How fast are you moving on the earth at a given latitude?
The radius of the earth is about $3959\,\mathrm{mi}$, so the earth is rotating at about $$\frac{1}{24\,\mathrm{hours}}\times 2\pi\times 3959 \,\mathrm{mi} \approx 1036\,\mathrm{mph}\,$$ and so someone standing on the equator is moving that fast too. But suppose you're standing on the earth at a latitude to $\theta^{\,\circ}$. How fast are you moving then?
Solution 1:
If you're standing at a latitude of $\theta^{\,\circ}$, then you're rotating on a circle of radius $R\cos(\theta)$, where $R = 3959\,\mathrm{mi}$ is the radius of the earth. This circle still does one revolution in (about!) $24\,\mathrm{hrs}$, so we can calculate the speed from there.
$$
\left(\frac{1}{24 \,\mathrm{hours}}\right) \times 2\pi R\cos\theta \,\mathrm{miles}
\approx 1036\cos\theta \,\mathrm{mph}
$$
So you've just gotta scale the speed at the equator by $\cos\theta$.
Solution 2:
Between two longitudes the arc distance
$$ L= r \Delta \theta$$
When its latitude $=\phi,$ radius $r$, earth's radius $R$
$$ r= R \cos \phi\rightarrow L = R \cos \phi \;\Delta \theta $$
In unit time the circumferential speed ( the others are constant) $$ \dfrac{dL}{dt} = R \cos \phi\; \dfrac{\Delta \theta}{dt}= \omega R \cos \phi $$
where $\omega$ is the earth's angular velocity, $ \omega R$ is circumferential speed $v_{eqtr}$ at equator. So we can write it simply as
$$ v= v_{eqtr} \cos \phi= 1036 \;\cos \phi\; mph,$$
that vanishes at poles, from where you watch the moving world standing, like from a small merry-go-round.
Solution 3:
Let's introduce a Cartesian coordinate system in which the center of the earth resides at origin $(0,0,0)$ and the north pole resides at $(0,0,R_E)$ where $R_E$ is the radius of the earth.

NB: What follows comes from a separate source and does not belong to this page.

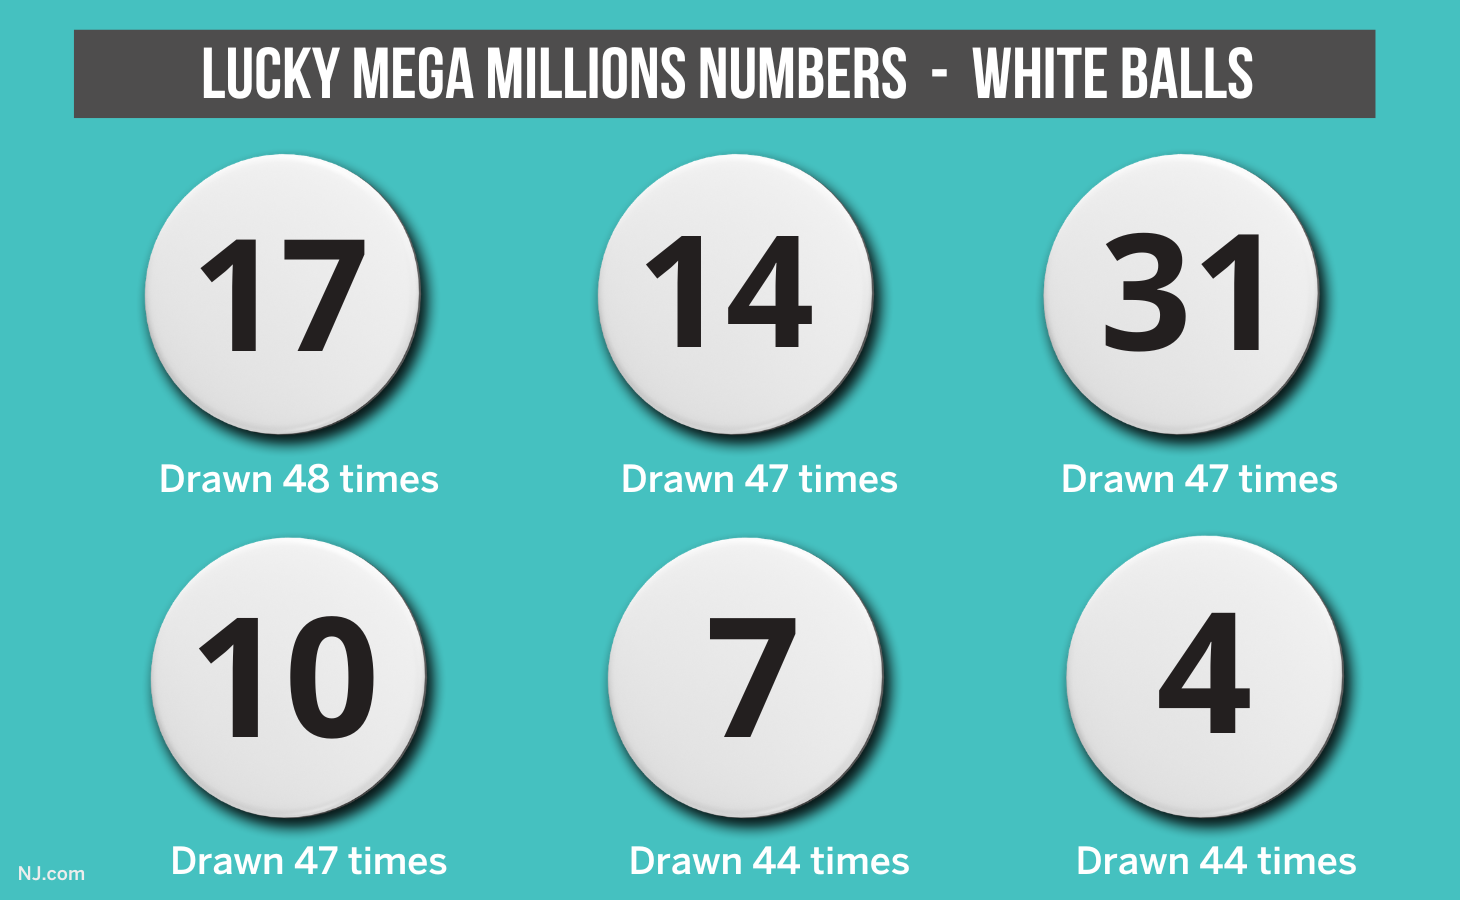 Mega Millions top winning numbers: These lucky lottery numbers are
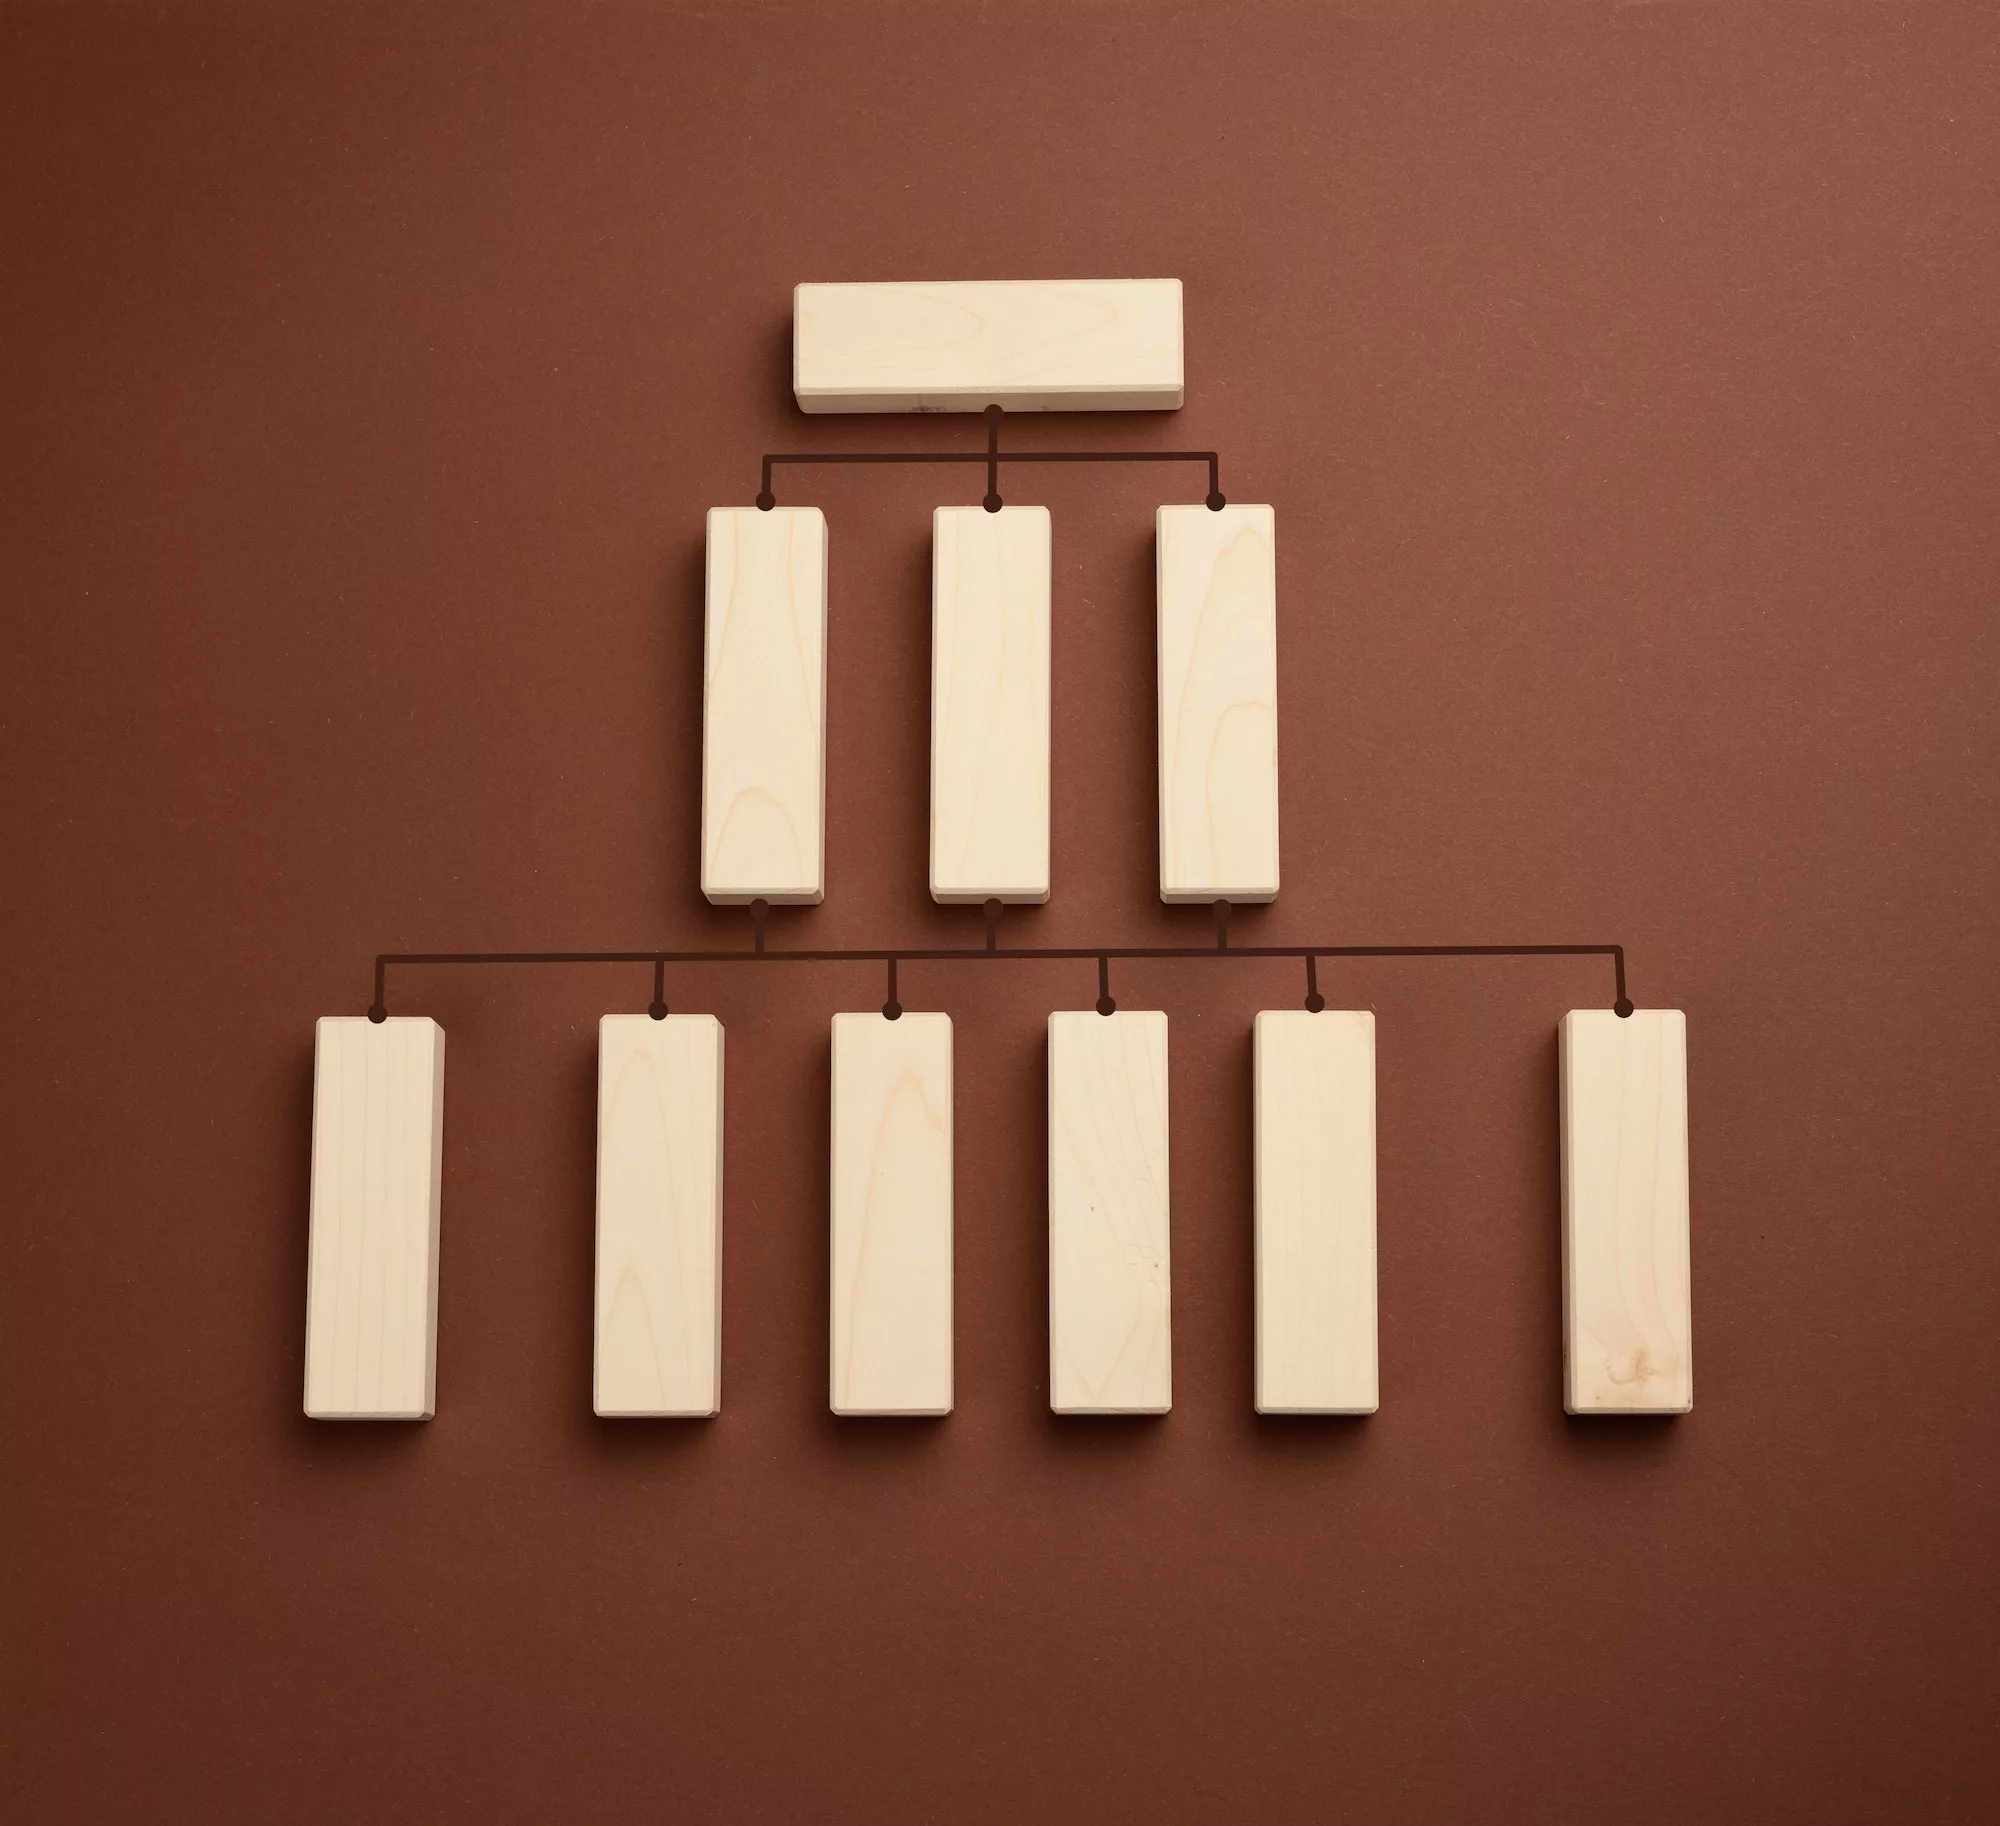 Blocks with figures on a brown background, hierarchical organizational structure of management

By slightly modifying the conventional definition of the azimuth angle, we determine the trajectory of an object residing at $\theta$ latitude with initial position $\Big<R_E\cos(\theta),0,R_E\sin(\theta)\Big>$ to be modeled by the parametric curve $$\vec{r}_{\theta}(t)=\Big<R_E \cos(\theta)\cos\Big(\frac{2\pi t}{24}\Big),R_E\cos(\theta)\sin\Big(\frac{2\pi t}{24}\Big),R_E\sin(\theta)\Big>$$ Here $t$ is measured in hours. Then $$\|r_{\theta}'(t)\|=\frac{2\pi R_E}{24}\cos(\theta)$$